Dziś wpadnie mi coś nadprogramowego, a mianowicie kebab 🙂 Rozplanuję tak, by zamknąć się 1500 kcal, wieczorem poćwiczę na orbitreku, choć mąż mówi, że nie dam rady, po całym dniu chodzenia.
Wczoraj troche poległam , chłopak kupił chlebek turecki , zjadł mi połowę flaczków z kolacji i zaserwował 3 kromki tego pysznego chlebka z wędliną. No cóż kromeczki były małe , myślę ,że w 1400kcal się wczoraj zmieściłam .
żabeczka, ale fajnie że 2 kg mniej, mam nadzieję że ja też szybko wrócę do wagi "sprzed delegacji" 🙂
W ogóle do celu zostały mi 3 kg, i tak już bym chciała je osiągnąć - normalnie od dziś z nowym zapałem wracam do mojego ukochanego orbitreka 😜 I dzień jak na razie na 5, jutro będzie tak samo, bo będziemy mieć dostawę siana, które trzeba samemu rozładować 🙂
U mnie we wtorek po tygodniu było -2 kg. Dzisiaj mam +300 g, ale jestem napuchnięta i czekam, aż korki mi puszczą :/ Nie zdziwię się jak będę mieć obsuwę do początku miesiąca, bo powinnam @ dostać 5 dni temu, a cisza, tylko jestem opuchnięta biust boli ... Dziś: na I śn grahamka z serkiem twargowym, pomidor, ogór, sałata II bułka grahamka z serkiem, jajkiem i pomidorem, sałatą, obiad: 2 roladki z pierśi kurczaka z pomidorem pod: powinien być baton białkowy, ale nie kupiłam, więc maślanka i na kolację sałatka z selera naciowego. Do tego koń i salsa, 1 grahamka za dużo, ale się spali.
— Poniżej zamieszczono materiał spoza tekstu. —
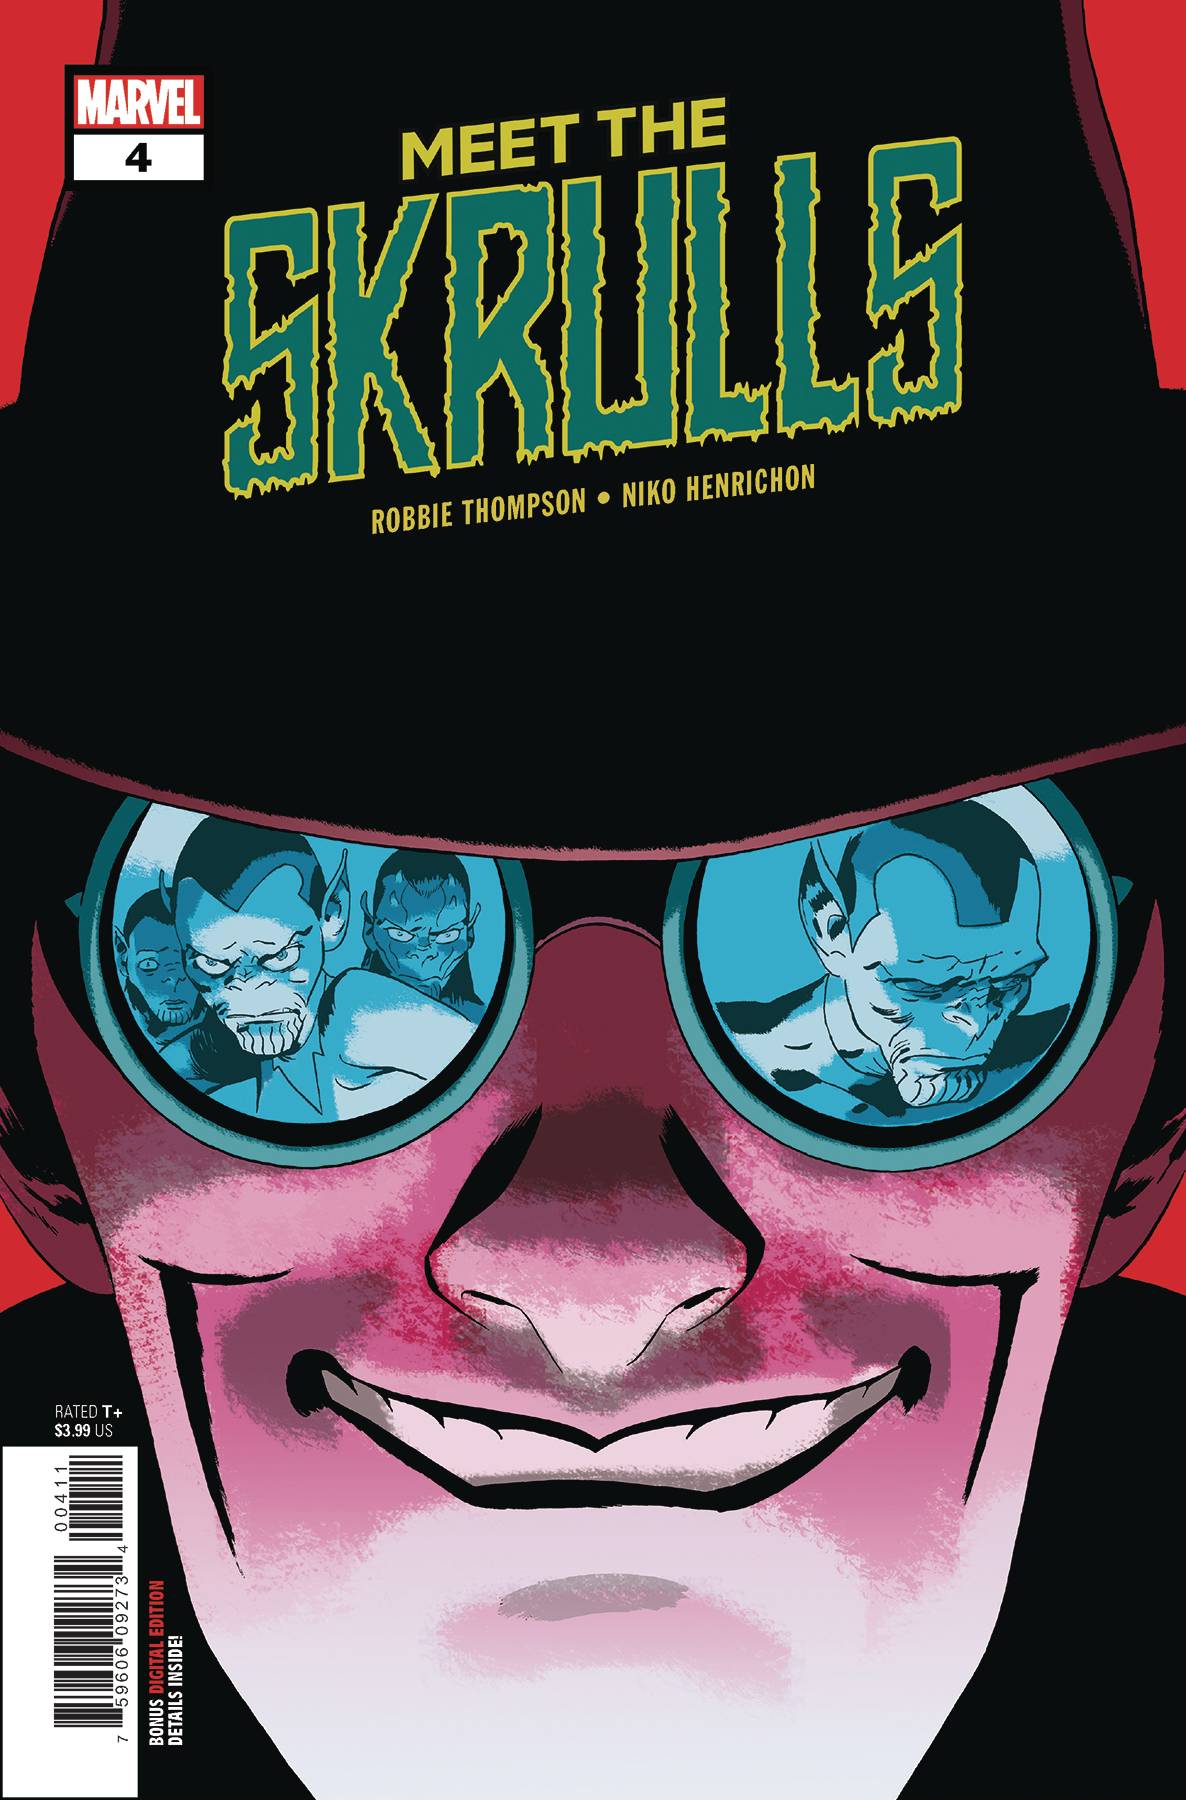 Meet The Skrulls #4 (of 5) [2019]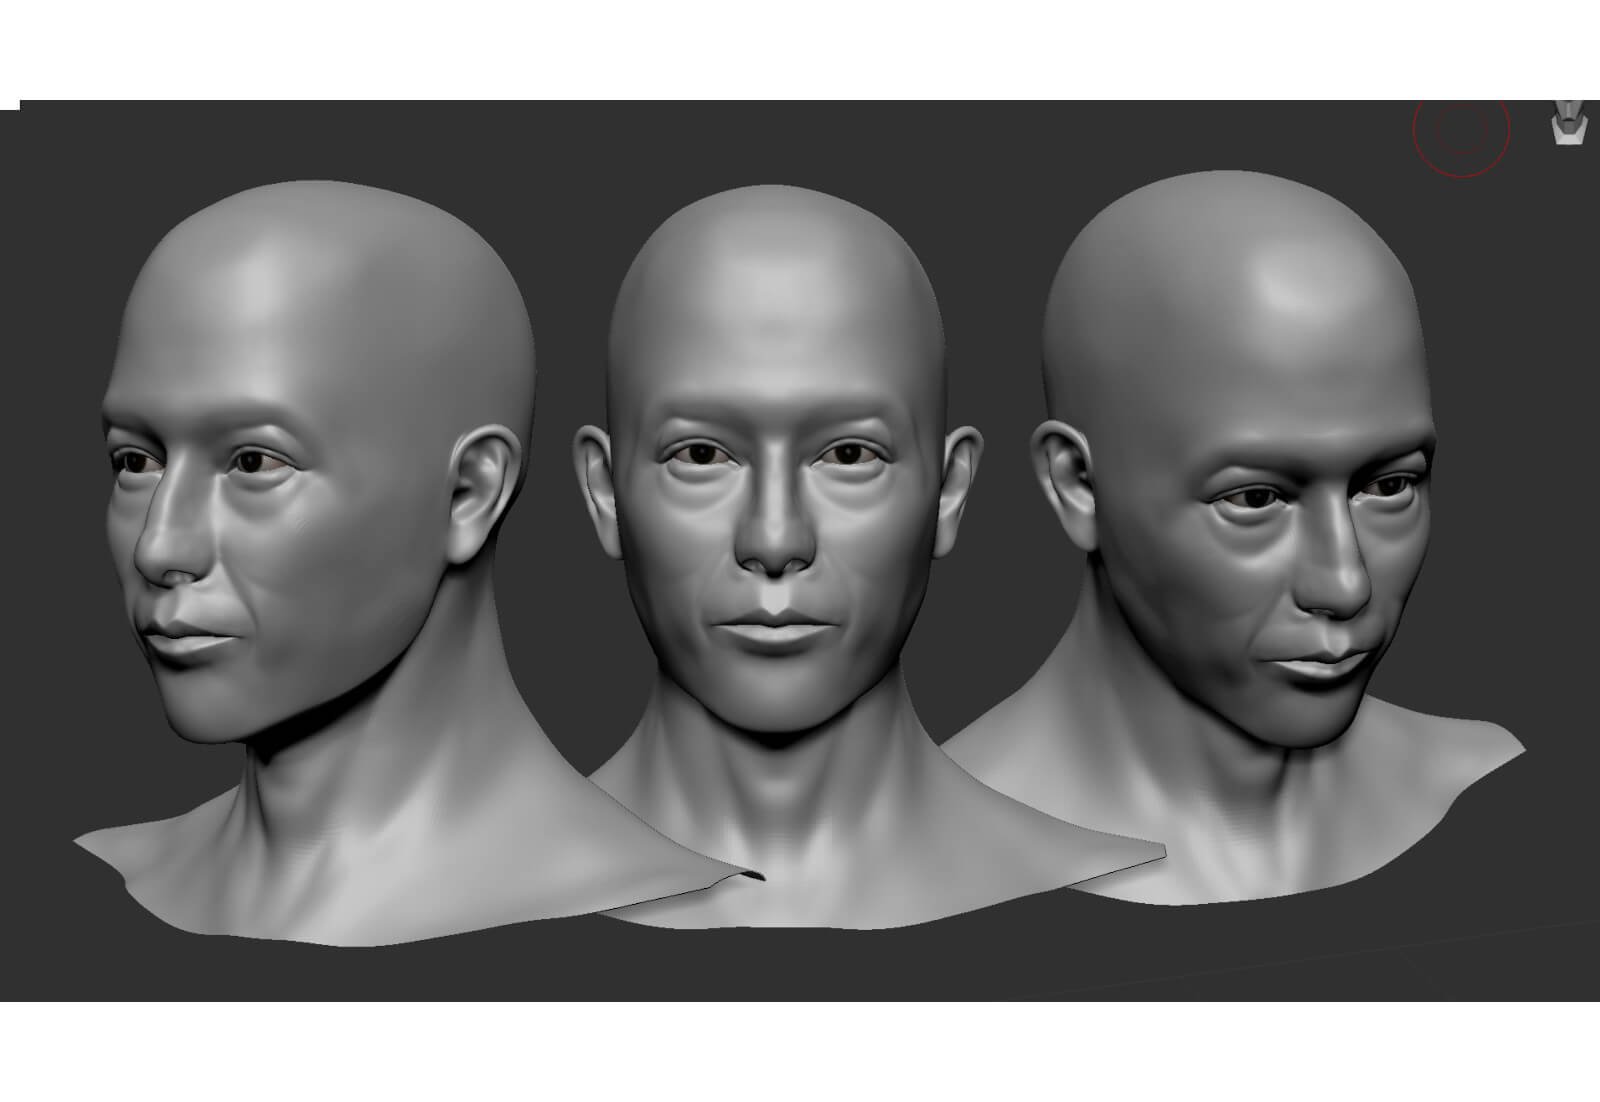 3D model of a man's head

Śniadanie: 150 ml mleka, kasza kus-kus- 200 kcal, pekińska 2 śniadanie: serek za 200 kcal, pekińska, suche chlebki sztuk 4. Jakimś cudem nie jestem głodna! 😲 Po robocie lecę na godzinkę na siłownię, potem konkretniejszy obiad. ( na pewno kasza jaglana na słodko i na pewno ryba) I może uda się dziś odwiedzić konia, bo nie mam nauki ( piątek 🙂😉 Powinien dzień być ok.
A ja mam mega głodzille , chyba zbliża mi się okres... Serek wiejski zjadłam z takim smakiem jakby to było niewiadomo co. Najchętniej poszłabym do sklepu po ciastka , ale naszczęście nie mogę wyjść .
A mnie znowu rozkłada, ledwo wytrzymałam w szkole, krótko miałam lekcje to przyleciałam do domu i wskoczyłam do łóżka. Ile można chorować no 😵 Przez to znowu bez ćwiczeń, pewnie cały weekend...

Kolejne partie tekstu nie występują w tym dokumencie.